Return the lines of the data below starting at the one holding "Formschaum für Loungesessel" and ending at the one holding "A equipe de", word for word, leaving every picture out.

======== TASK MATERIAL ========

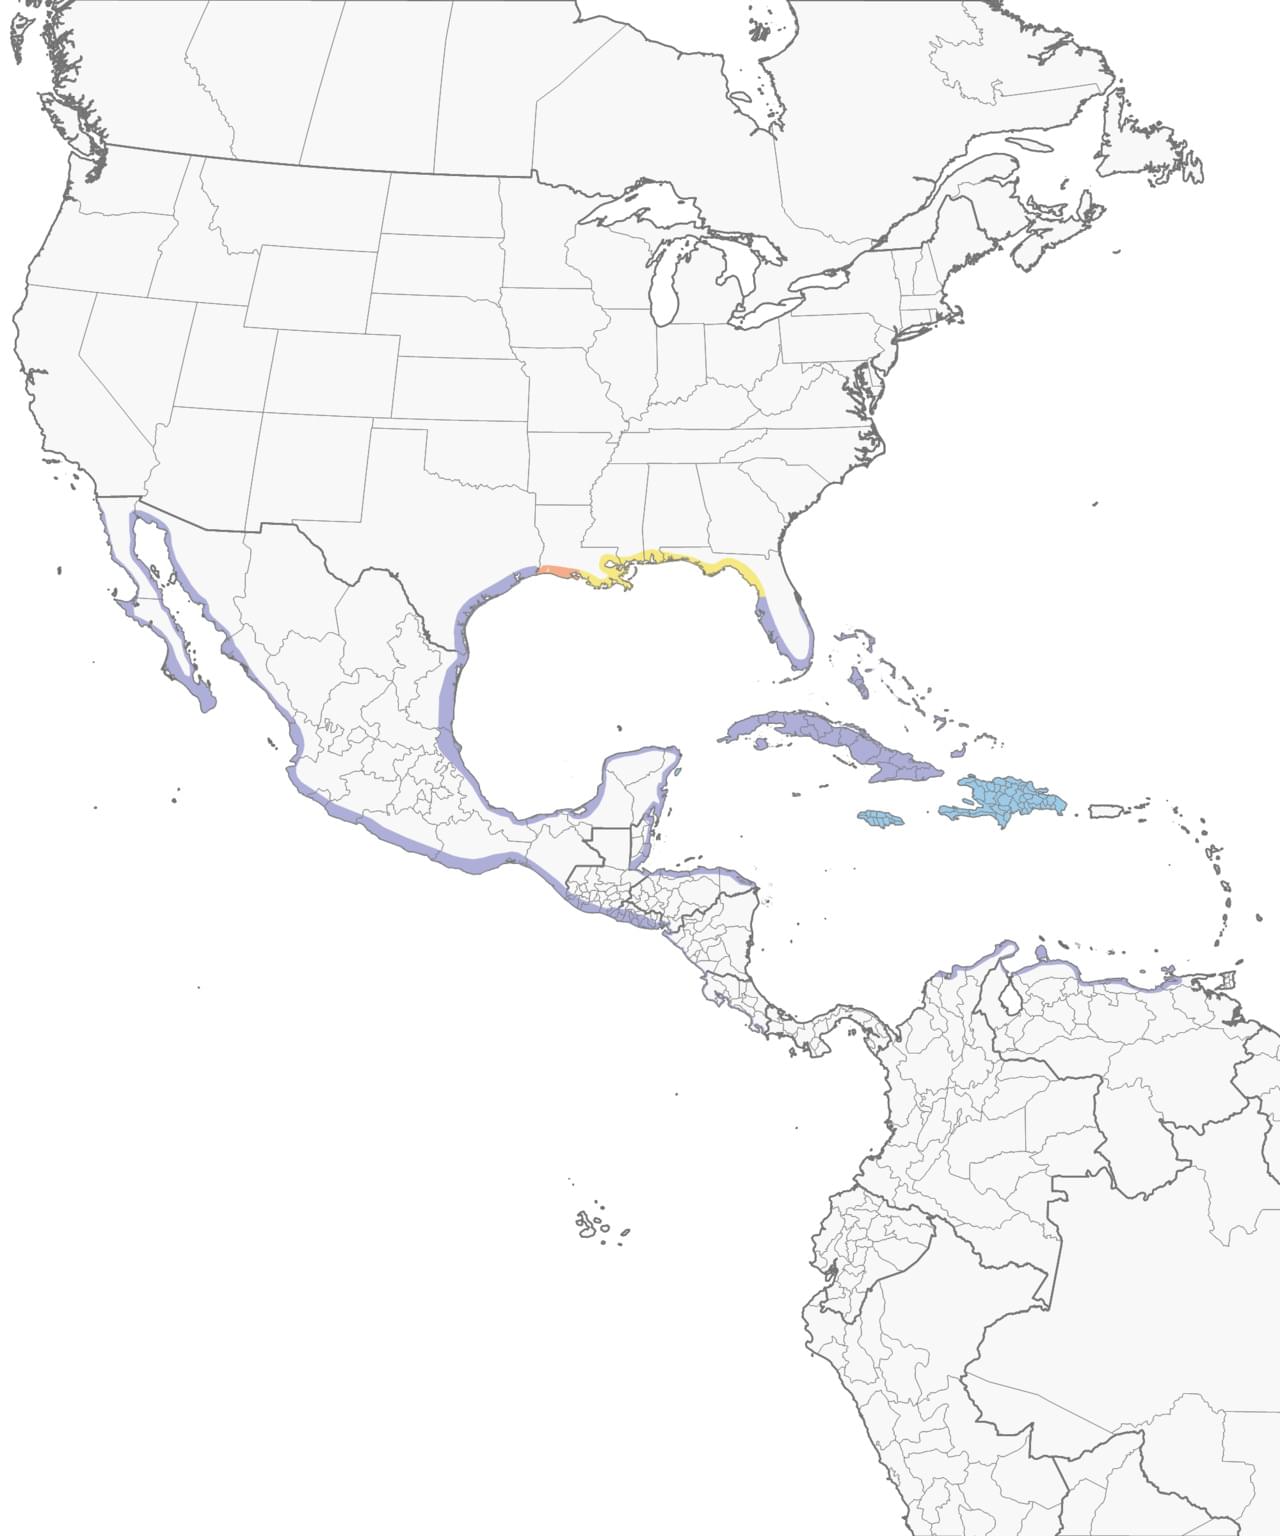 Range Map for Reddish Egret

========
======== TASK MATERIAL ========

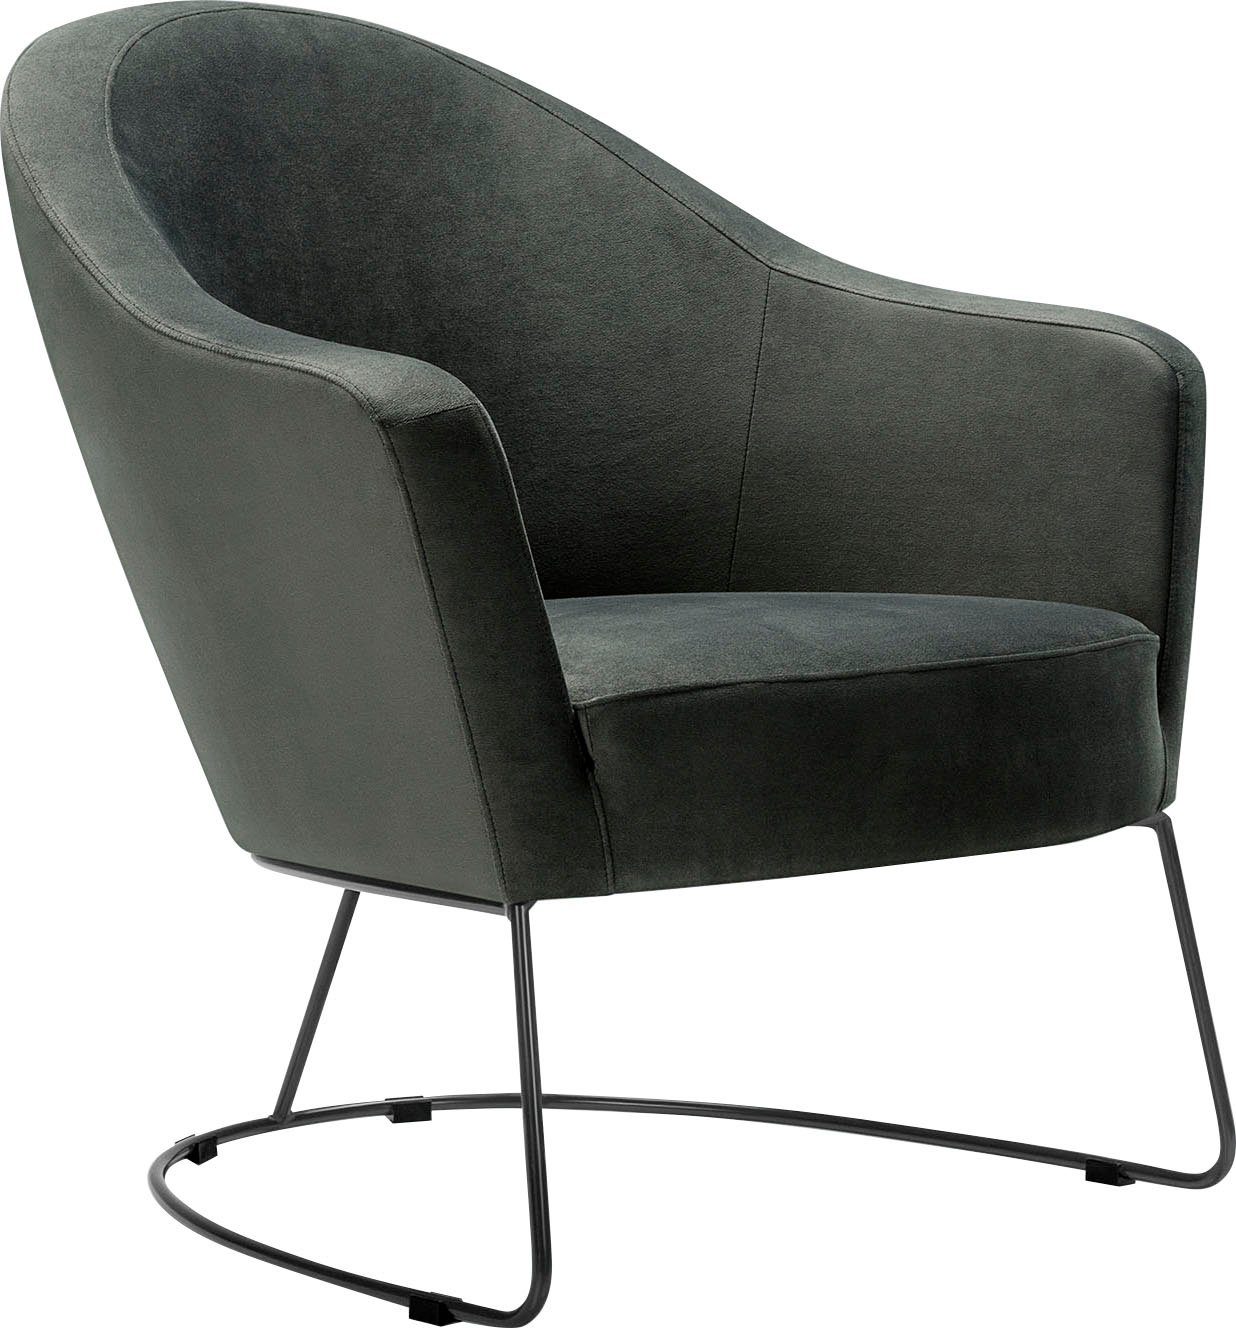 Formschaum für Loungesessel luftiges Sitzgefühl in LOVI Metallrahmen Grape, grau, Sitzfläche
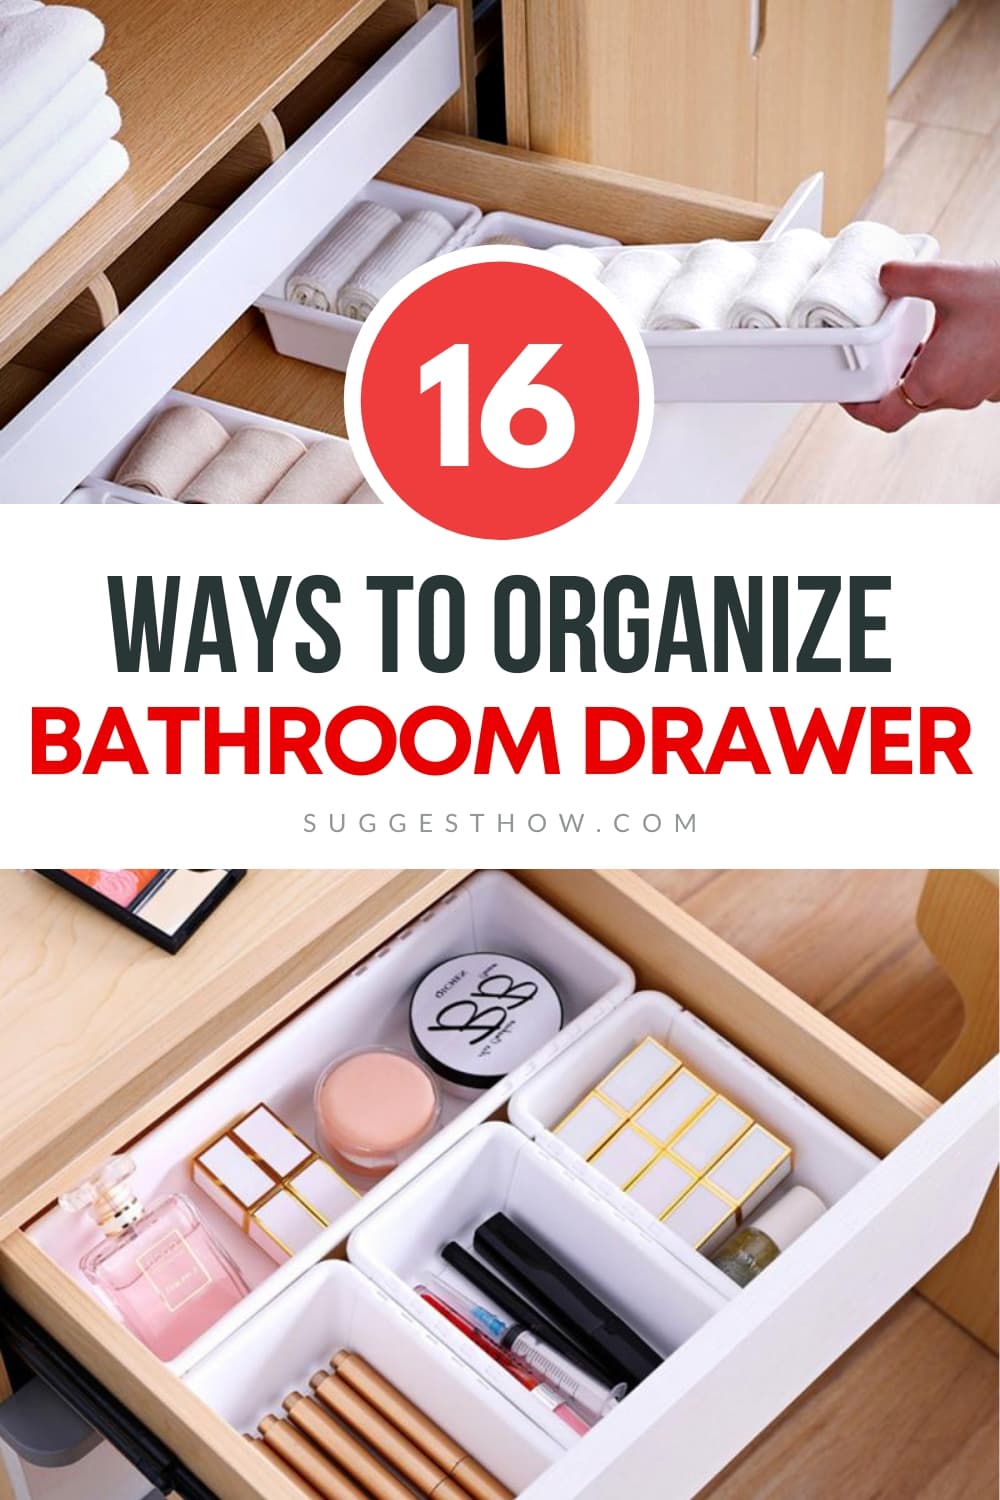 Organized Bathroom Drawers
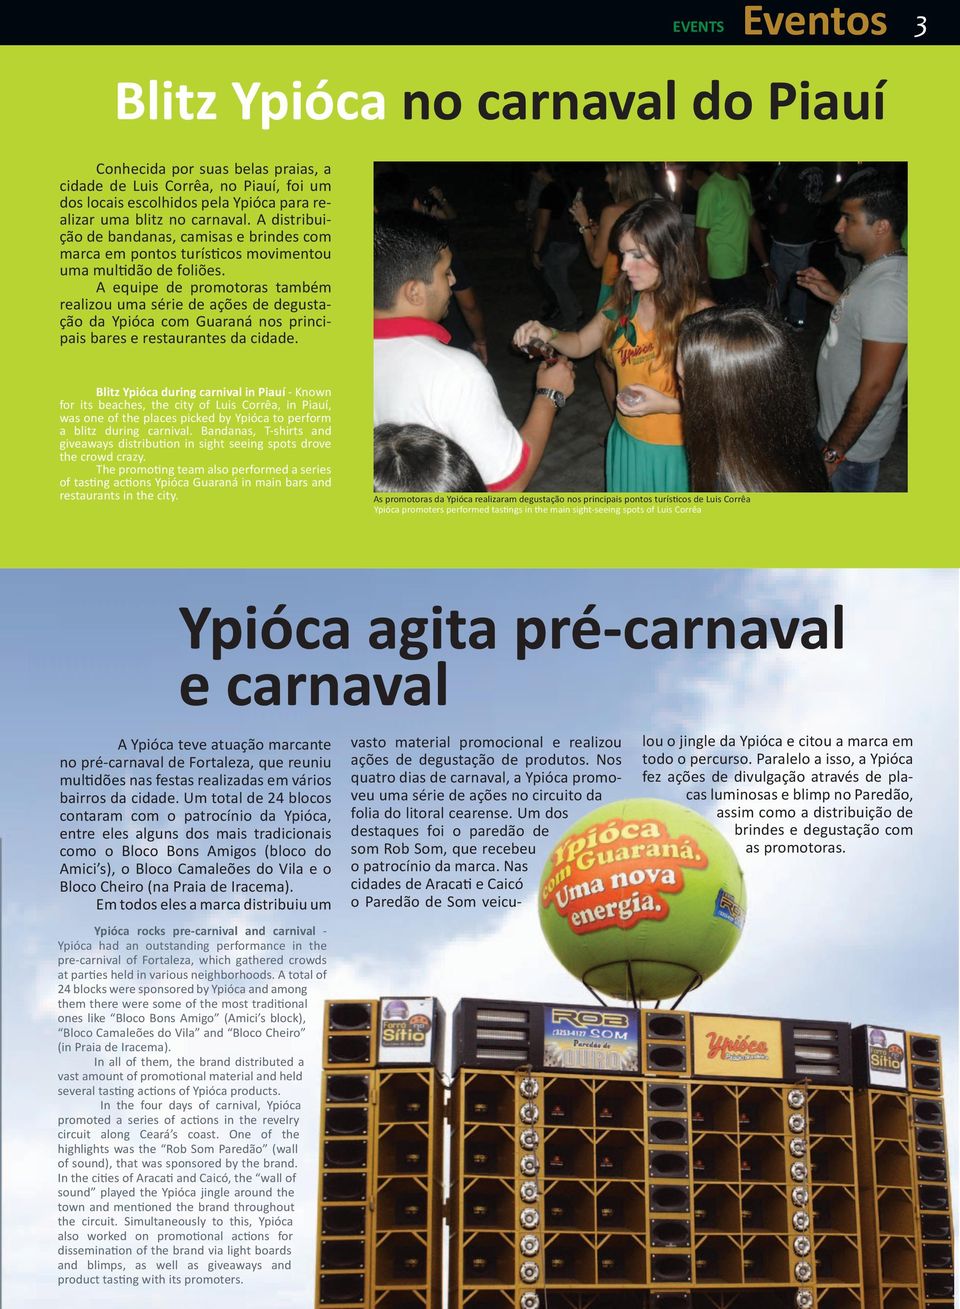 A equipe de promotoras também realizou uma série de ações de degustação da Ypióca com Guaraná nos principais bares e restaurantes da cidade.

========
======== TASK MATERIAL ========

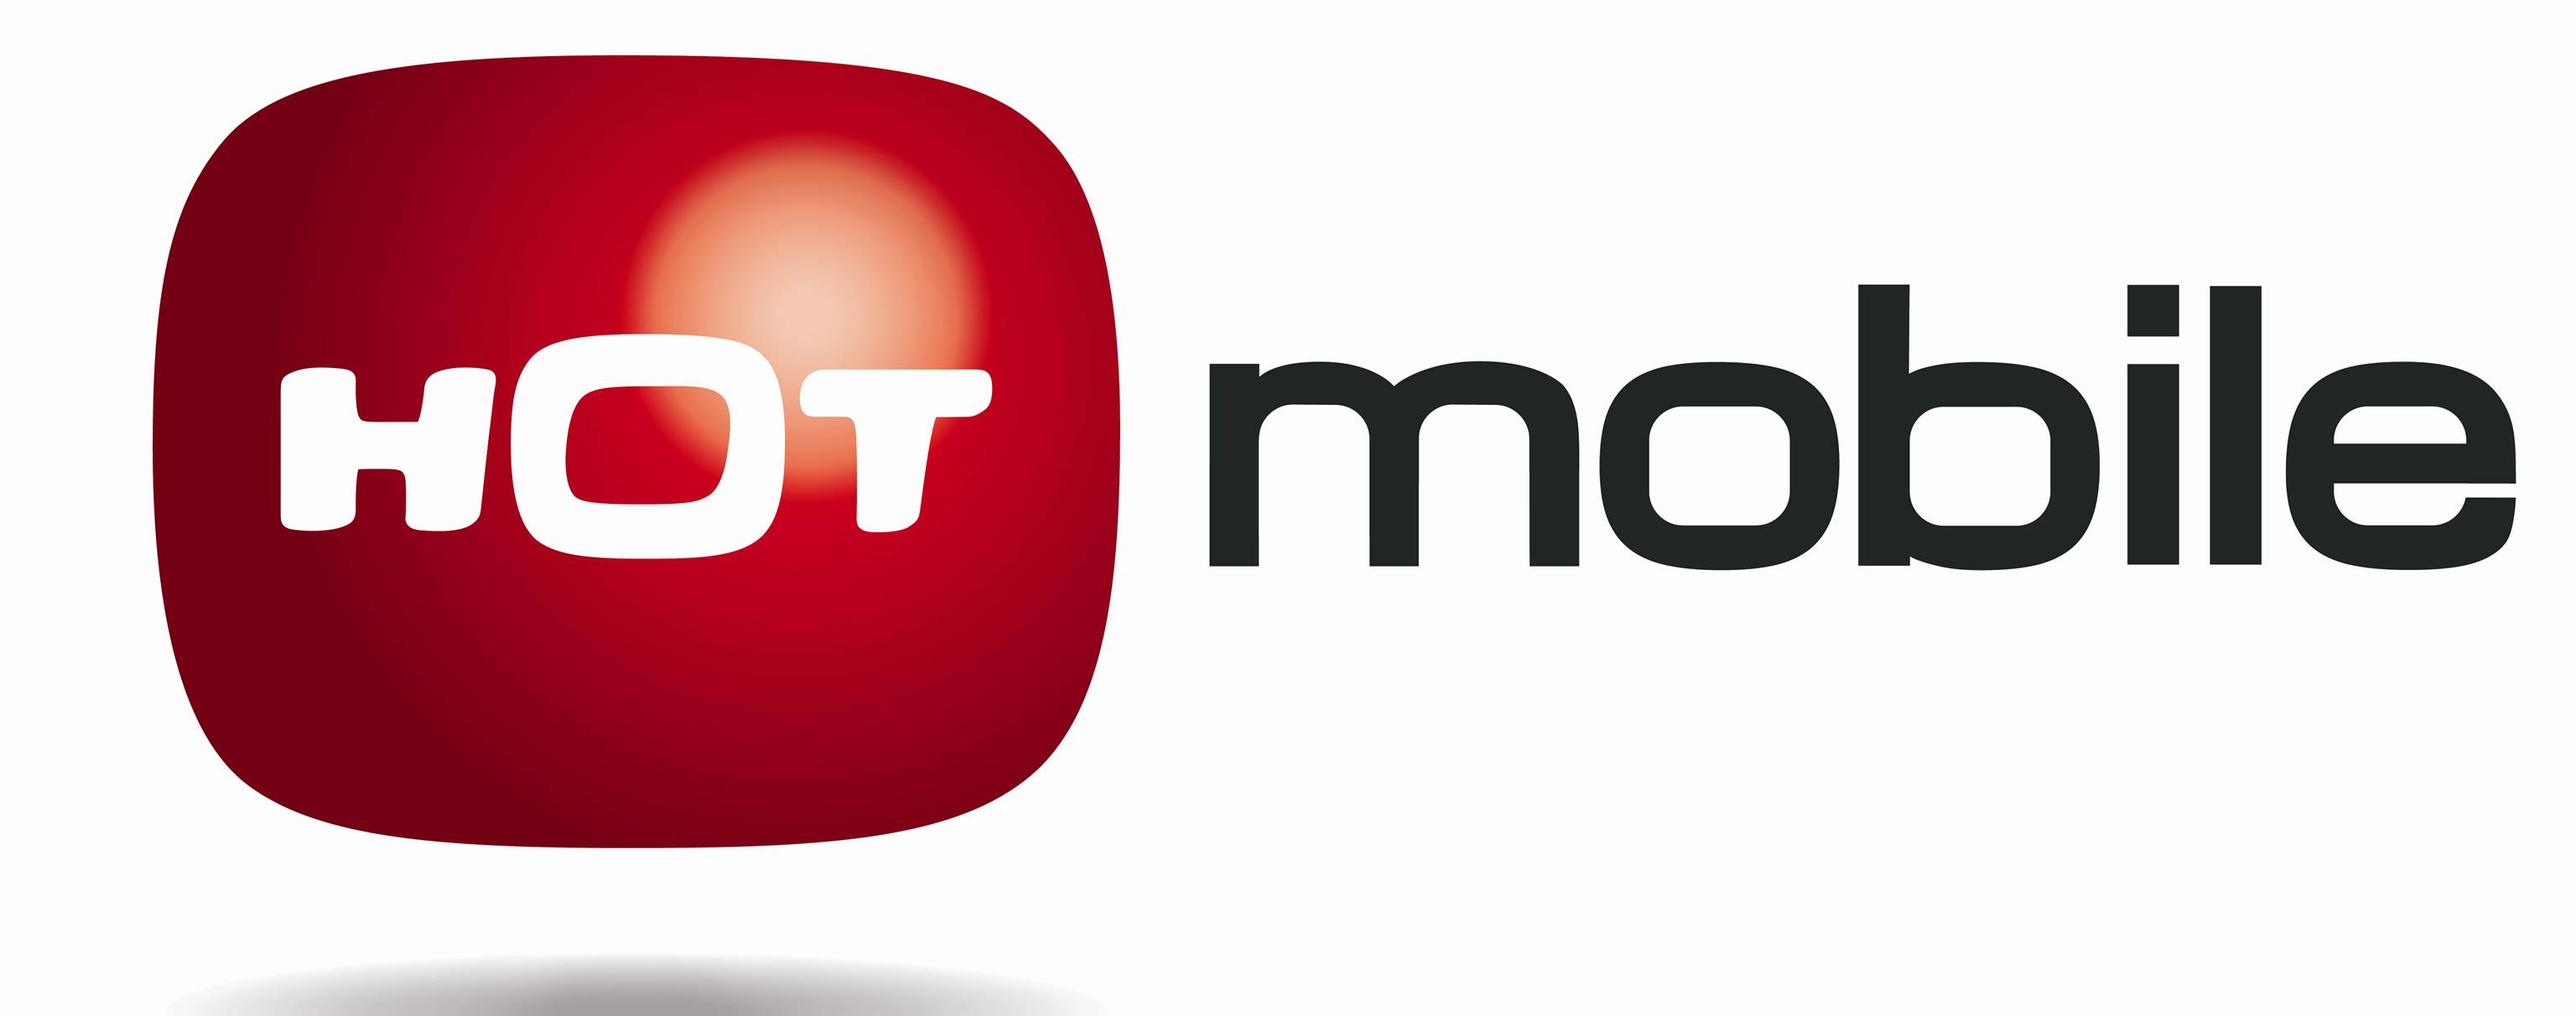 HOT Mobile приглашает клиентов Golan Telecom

========

▸ OUTPUT:
 Formschaum für Loungesessel luftiges Sitzgefühl in LOVI Metallrahmen Grape, grau, Sitzfläche
 Organized Bathroom Drawers
 A equipe de promotoras também realizou uma série de ações de degustação da Ypióca com Guaraná nos principais bares e restaurantes da cidade.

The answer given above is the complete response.